Atharva tucked the padded folder of membership drive and panchayat election strategy under his arm and walked into the HDP office. Empty. Save for Noora and one other man sitting side by side on a table, dipping Parle-G biscuits into a cup of tea.

“So, you work full 12 hours?” Noora asked, biting into the non-soggy part of his biscuit.

The man popped his biscuit whole into his mouth — “Sometimes.”

“Smart man,” Noora grinned, dipping the soggy part again into the tea and cramming it whole into his mouth. ‘Does everyone here work like you?”

“There is just me and Tsering.”

“Who is Tsering?” Noora chewed, catching his eye.
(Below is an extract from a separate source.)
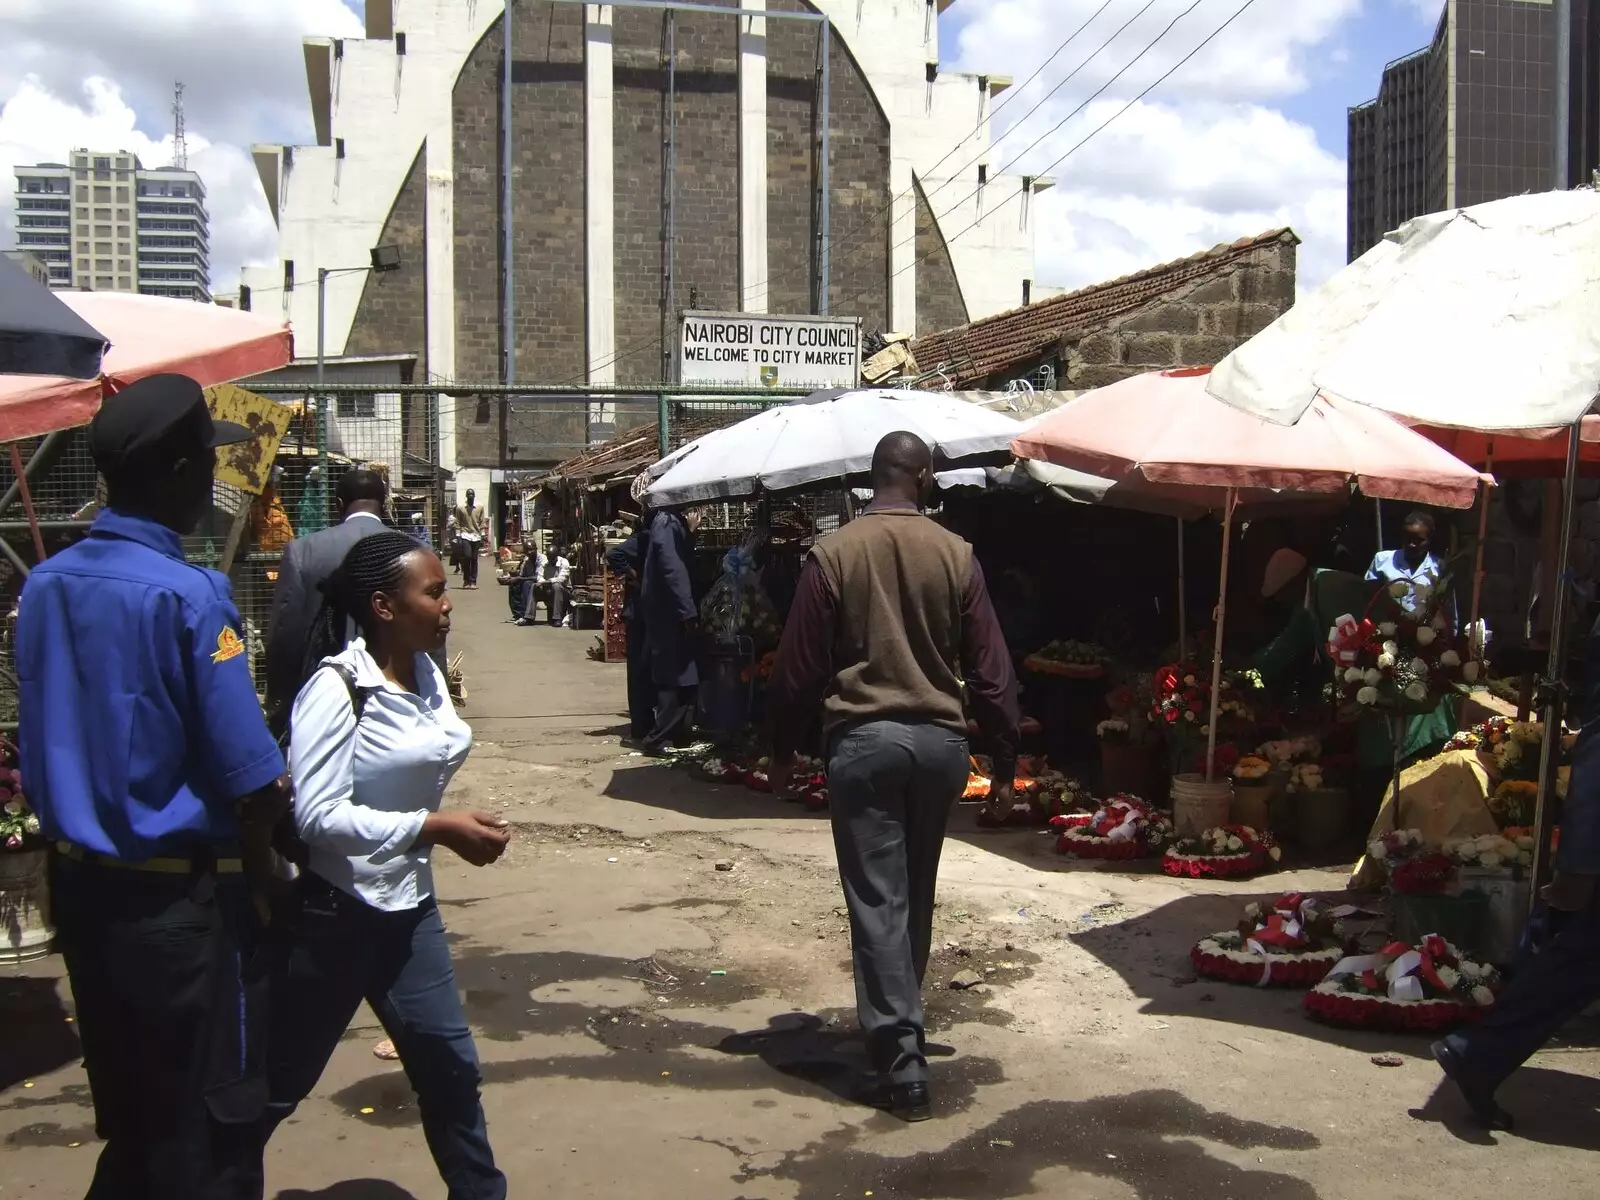 Nairobi market life, from Nairobi and the Road to Maasai Mara, Kenya, Africa - 1st November 2010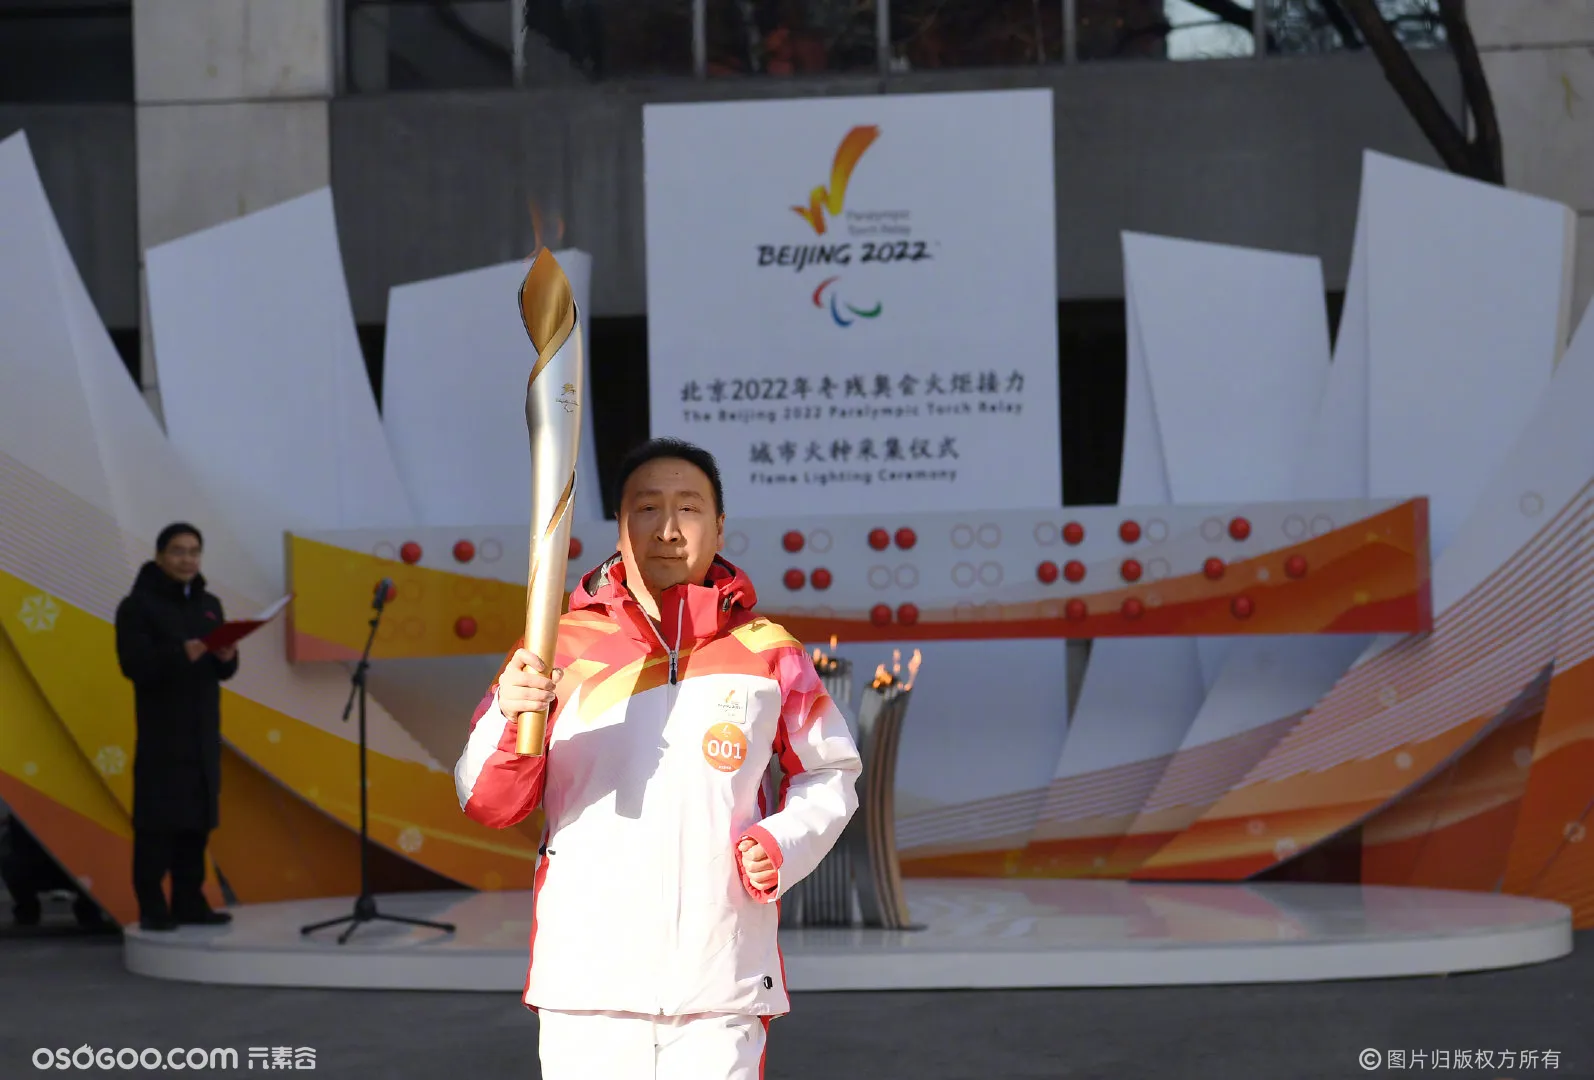 汇聚九天之火 点亮北京2022年冬残奥会

Atharva stood unmoved, seeing this play out.

“Tsering Barpa. Head of Kinnaur HDP.”

“Where is he?”

“Gone to his home to eat lunch.”

Noora scoffed, eyeing Atharva. “Bosses are like that only.”

He dipped a brand new biscuit into the tea and it came out half-fallen. His face fell too. Atharva could not throw him into the river behind the village just like that biscuit because the man-child had his uses. Like this one.

He cleared his throat.

“Yes?” Tsering’s number two turned. His face was weathered, even if young, tanned but bright. His mouth pursed like he was bored out of his mind.

“You must be Sonu.”

“Yes. You are?”

“Atharva Kaul.”

“Oh,” he leaned an elbow back on his chair. “Yes. Samar sahab called. He sent some file with you.”

Atharva blinked.

“He is the ex-CM of Jammu-Kashmir,” Noora poked him.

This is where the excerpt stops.